Queen consort of Württemberg
- Tenure: 6 October 1891 – 30 November 1918
- Born: 10 September 1864 Schloss Ratiborschitz, Bohemia
- Died: 16 July 1946 (aged 81) Bebenhausen
- Spouse: William II of Württemberg ​ ​(m. 1886; died 1921)​
- House: Lippe
- Father: Prince William of Schaumburg-Lippe
- Mother: Princess Bathildis of Anhalt-Dessau
- Religion: Calvinism

= Charlotte of Schaumburg-Lippe =

Queen of Württemberg from 1891 to 1918

Princess Charlotte of Schaumburg-Lippe (10 October 1864 - 16 July 1946) was Queen of Württemberg from 6 October 1891 to 30 November 1918 as the second wife and consort of King William II. Charlotte was not only the last queen of Württemberg, but the last surviving queen of any German state.

==Biography==

===Early life===
Charlotte was born in Schloss Ratiborschitz, Bohemia (now Ratibořice, Česká Skalice, Czech Republic), as a member of the Schaumburg-Lippe branch of an old House of Lippe. She was the daughter of Prince William of Schaumburg-Lippe and his wife, Princess Bathildis of Anhalt-Dessau. Charlotte grew up with her siblings on the princely estate at Náchod. In addition to general cultural interests such as music and art, she was also very keen on sporting pursuits, including swimming, tennis, cycling, and — unusual for a woman of the time — skiing. She also had an extraordinary passion for hunting.

===Marriage===
On 8 April 1886 she married the heir to the throne of the Kingdom of Württemberg, Crown Prince Wilhelm, who succeeded in 1891 as King William II of Württemberg (Wilhelm II. von Württemberg). She was his second wife, and like her cousin and predecessor Princess Marie of Waldeck and Pyrmont was held to be of no political consequence. If the marriage had taken place for reasons of state - Wilhelm had no male heir - it was a miscalculation, as Charlotte produced no children.

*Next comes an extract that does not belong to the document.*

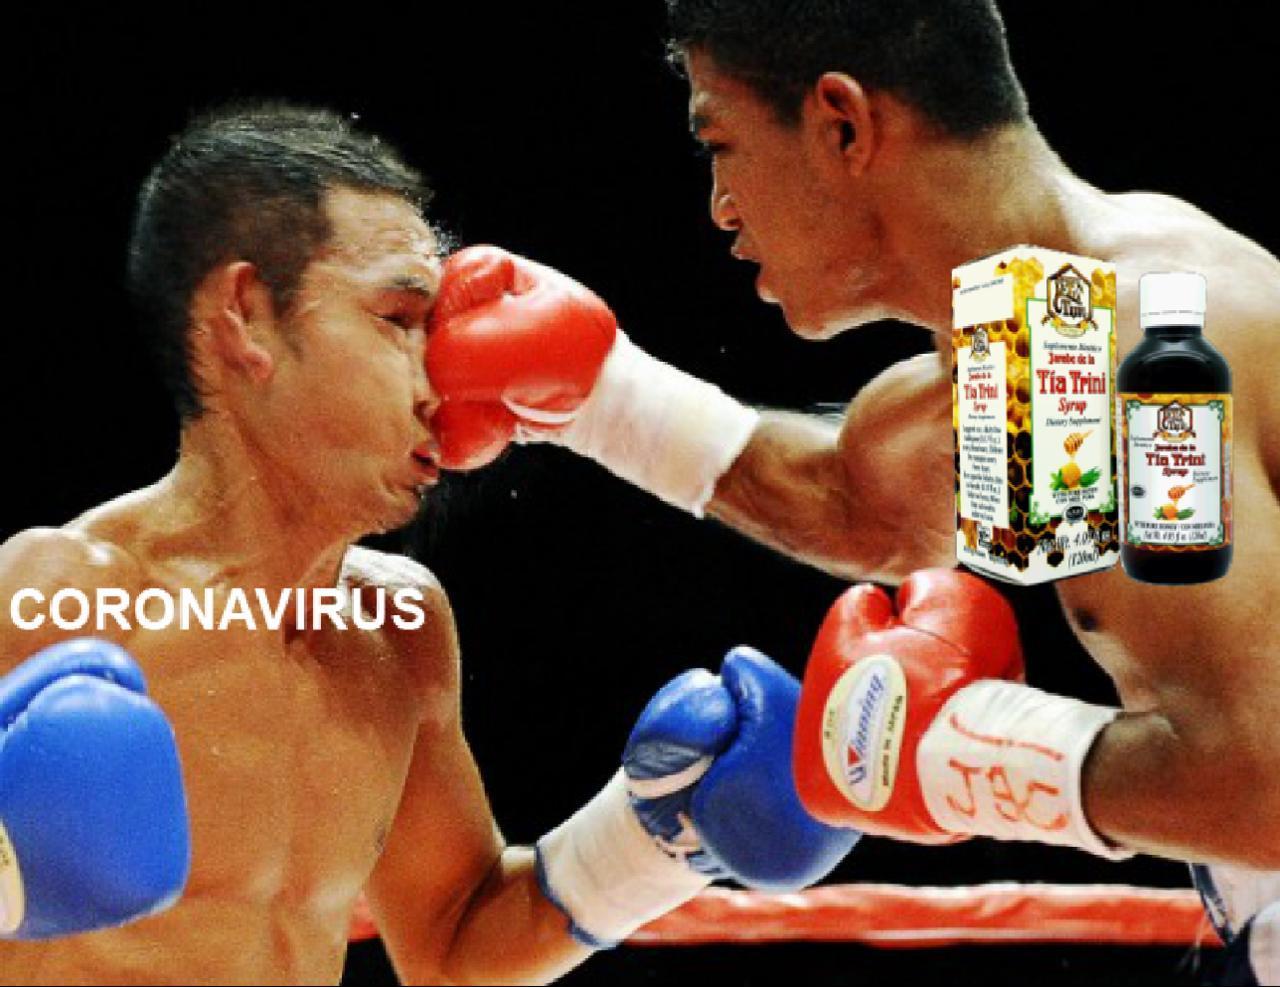 Coronavirus va Mexico - meme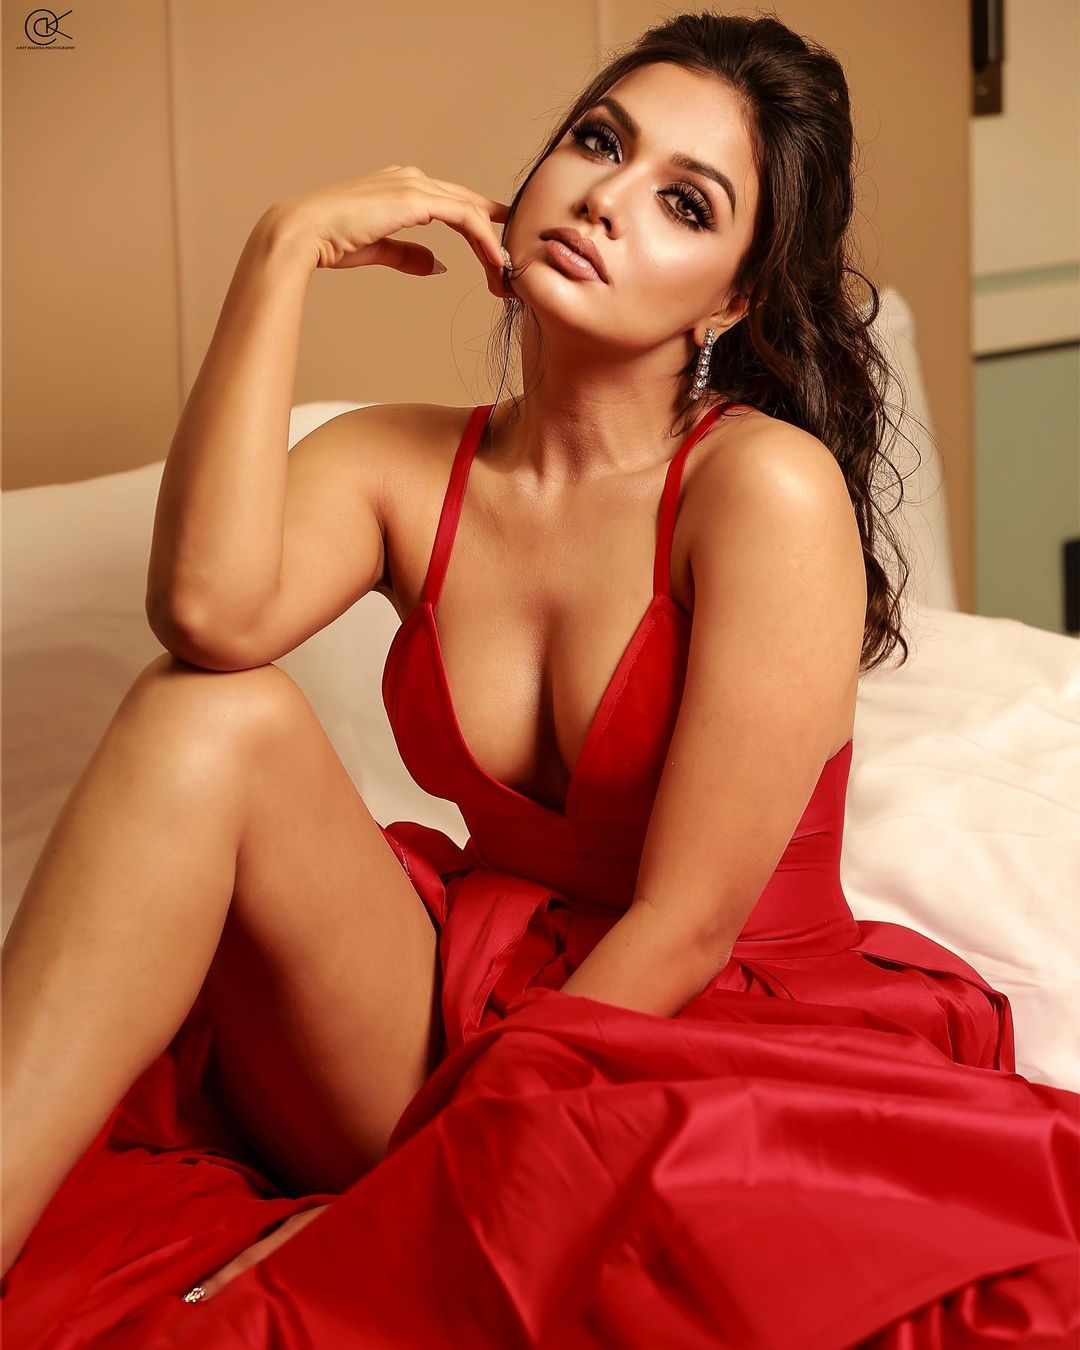 Divya Agarwal Relationship With Her Ex Priyank Sharma | दिव्या अग्रवाल की EX-BF प्रियांक से दोस्ती

As a princess of Württemberg she lived initially in Ludwigsburg and Stuttgart, but as queen in the Wilhelmspalais in Stuttgart. From June to October the royal couple moved to their residence at Friedrichshafen. Finally in November/December Wilhelm and Charlotte regularly took a two-week hunting holiday in Schloss Bebenhausen (the former Bebenhausen Abbey) at Bebenhausen near Tübingen, which after the revolution of 1918 became Charlotte's permanent home.

In 1890, William brought his new wife to England, where the Princess May of Teck commented, "We liked Charlotte very much, she is a good honest soul tho' rather too brusque, she seems to get on well with all the members of the Württemberg family which denotes great tact".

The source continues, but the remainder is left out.